# TASK OBJECTIVE
Copy nothing but the lines below, from the one with "поле туман вечер бесплатно" through the one with "5 Pcs BT151-500R", exactly as written; no pictures should appear.

# EXERCISE MATERIALS

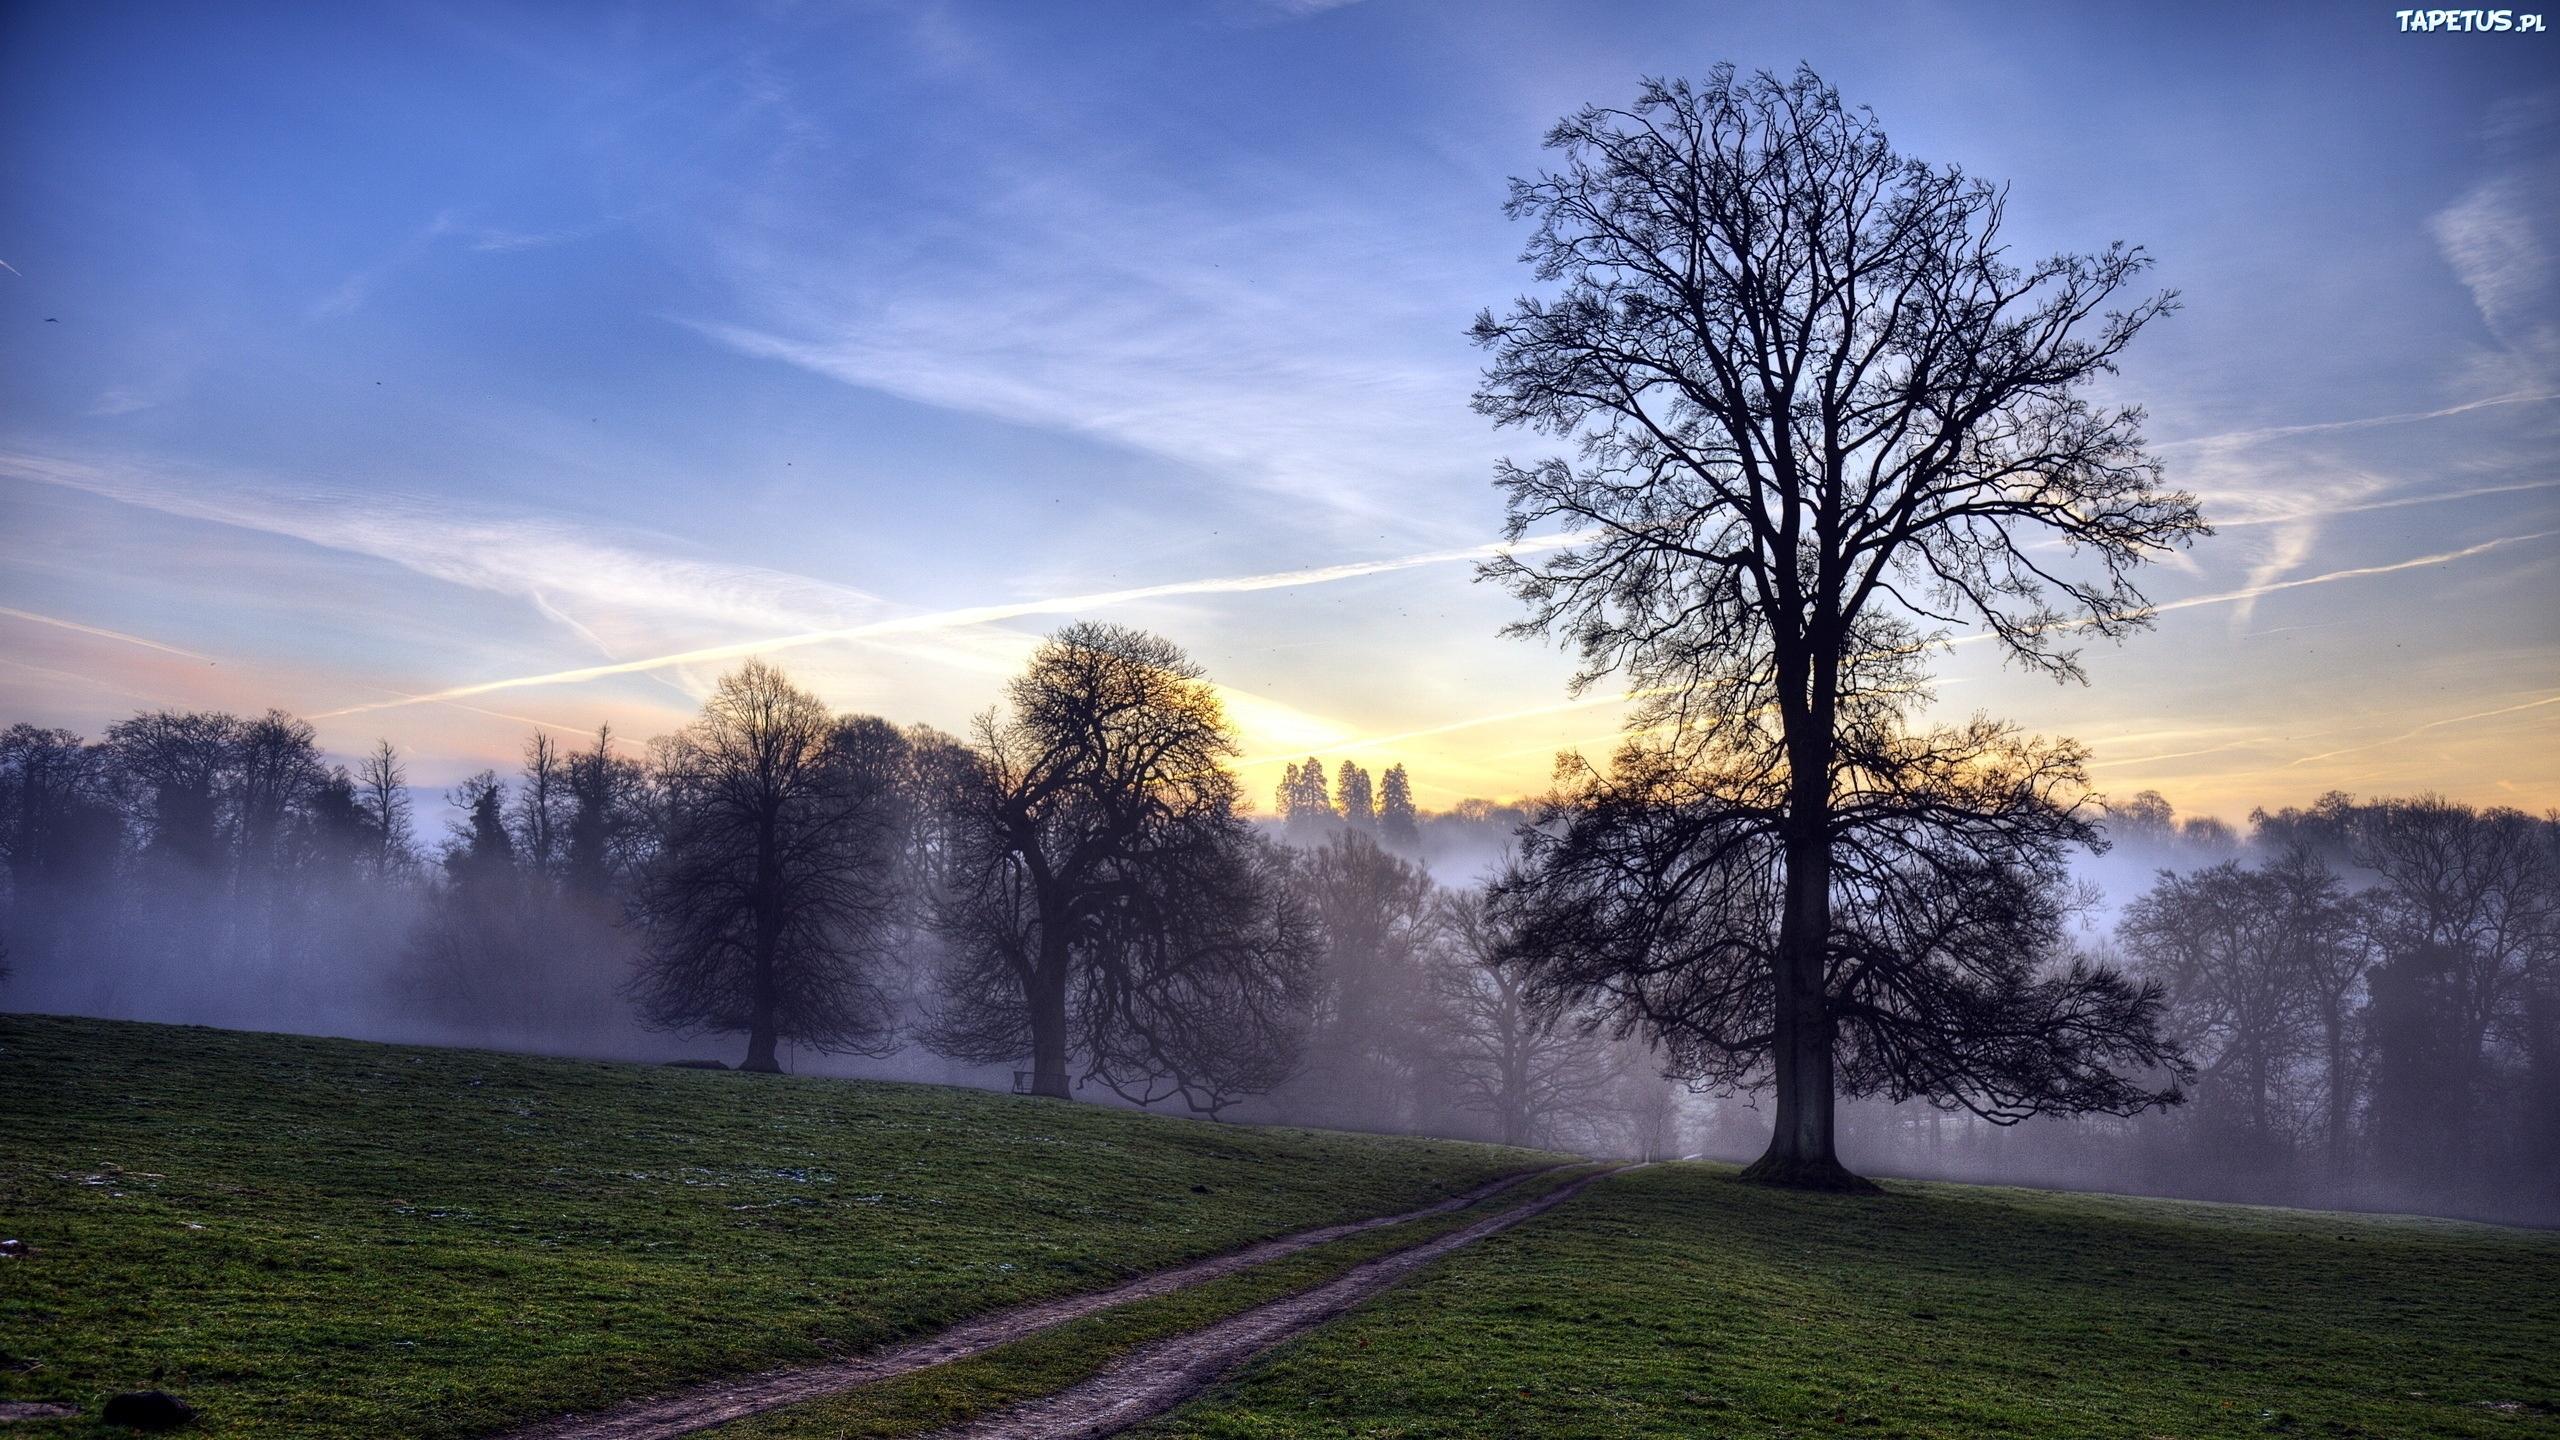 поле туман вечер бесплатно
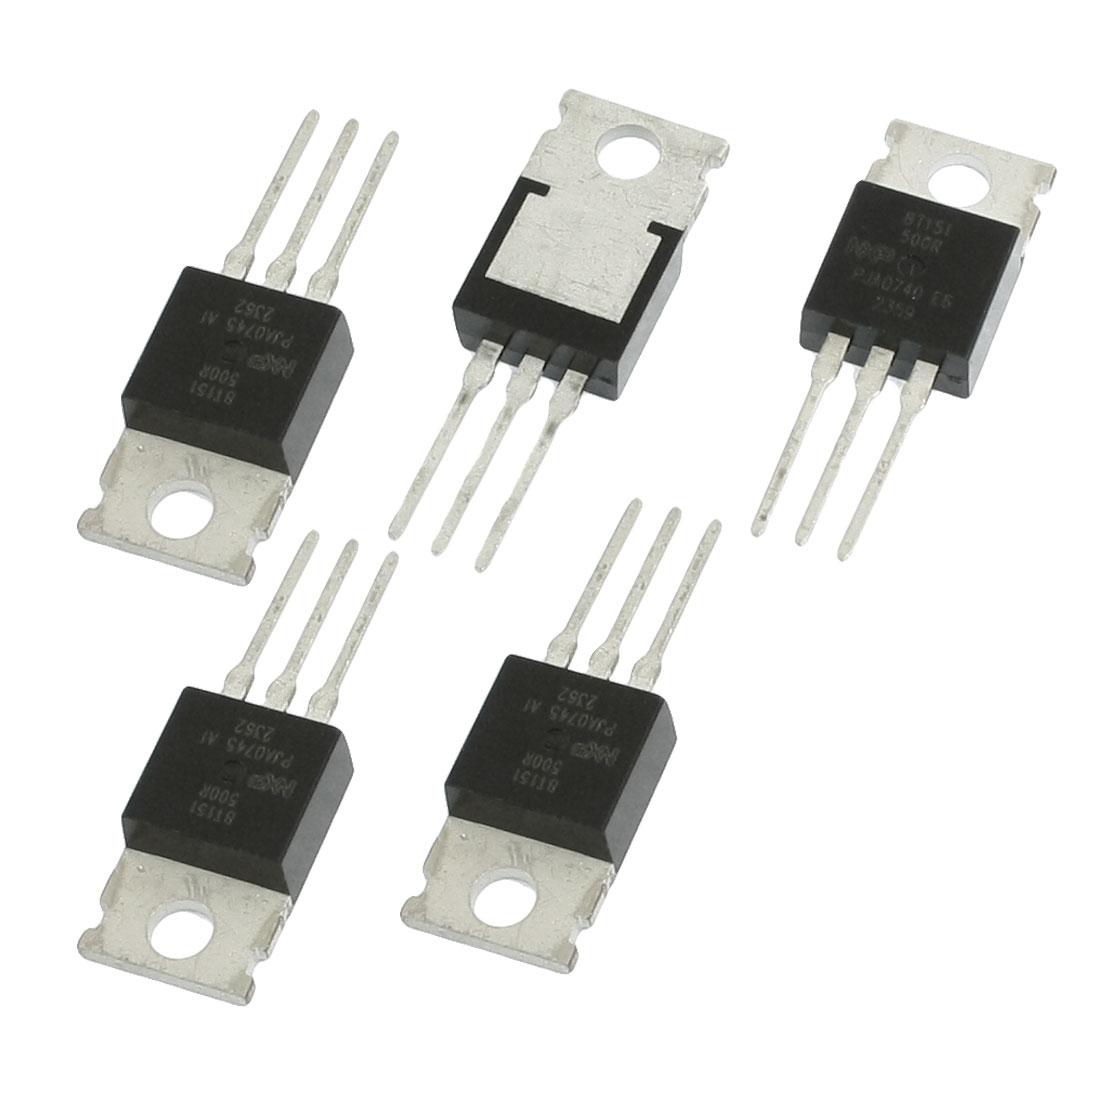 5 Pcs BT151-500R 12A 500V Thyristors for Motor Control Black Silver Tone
---
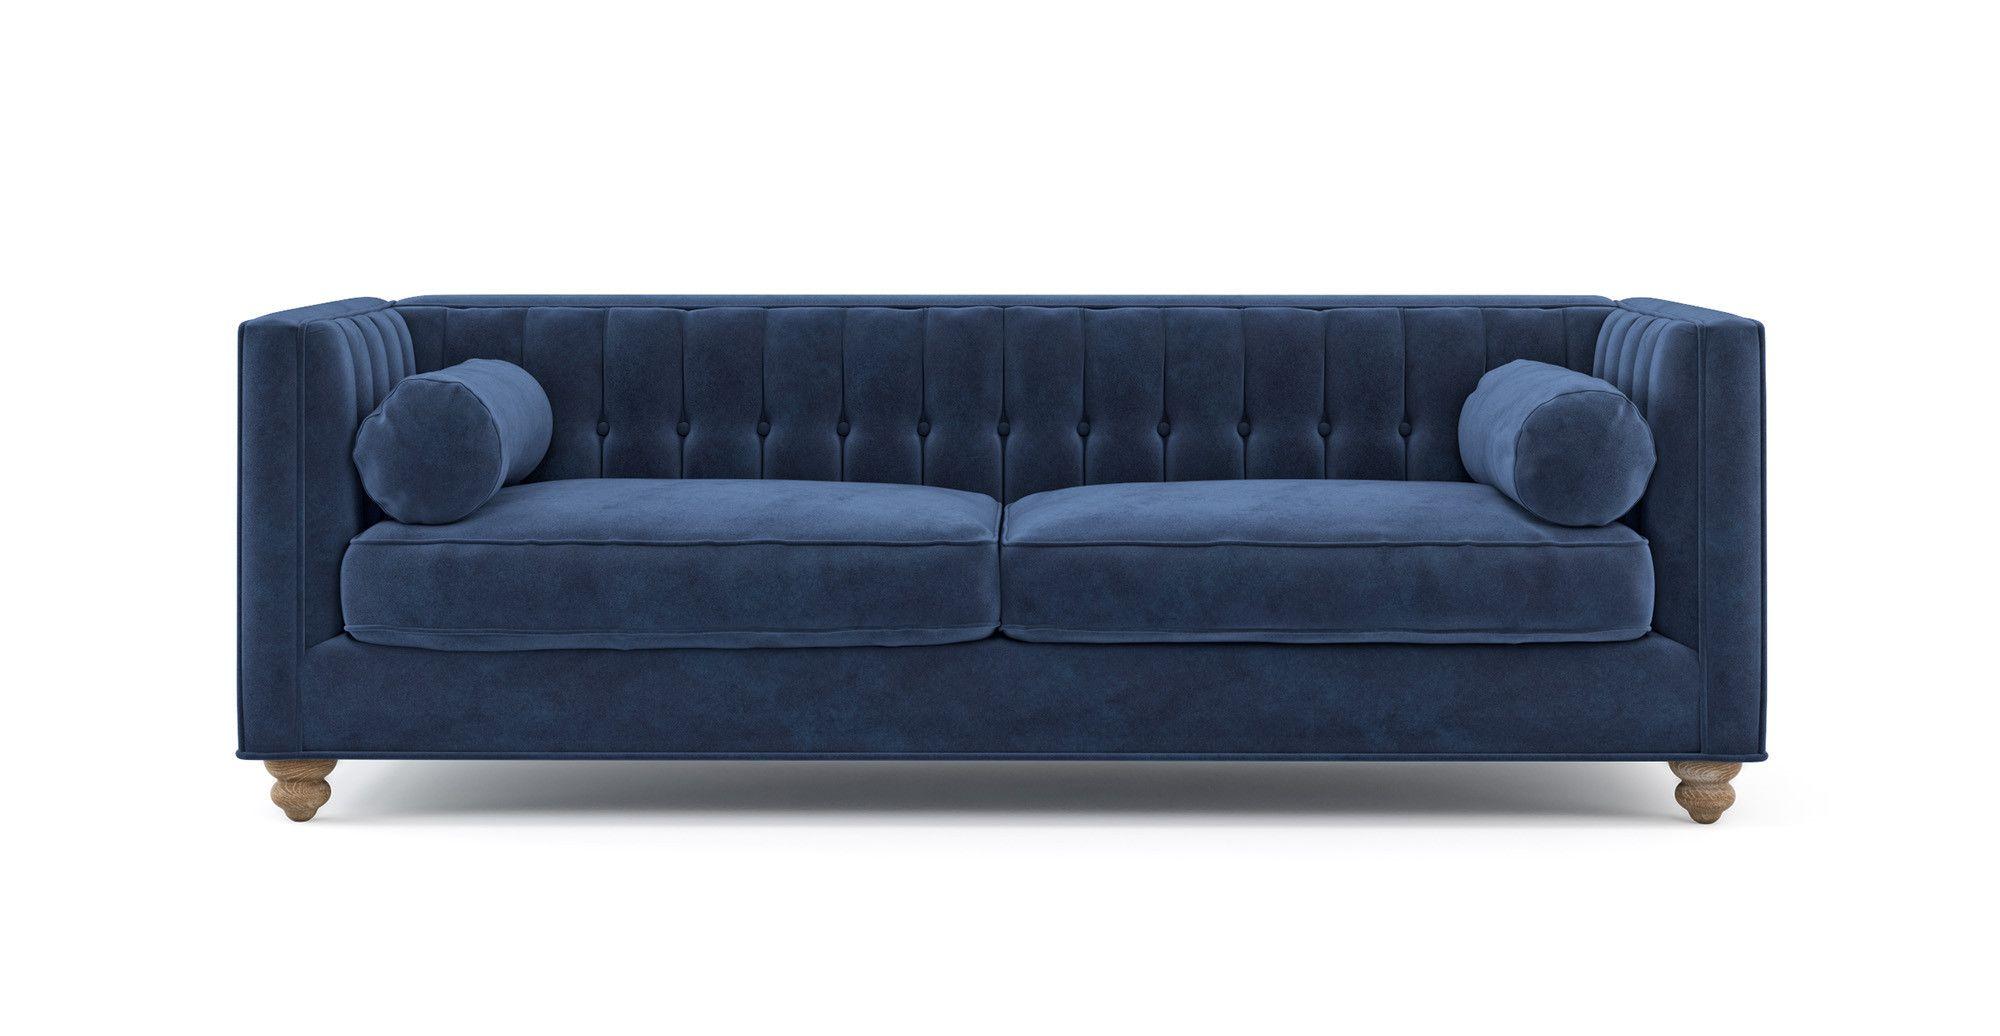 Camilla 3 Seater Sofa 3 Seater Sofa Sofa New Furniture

# EXERCISE RESPONSE
 поле туман вечер бесплатно
 5 Pcs BT151-500R 12A 500V Thyristors for Motor Control Black Silver Tone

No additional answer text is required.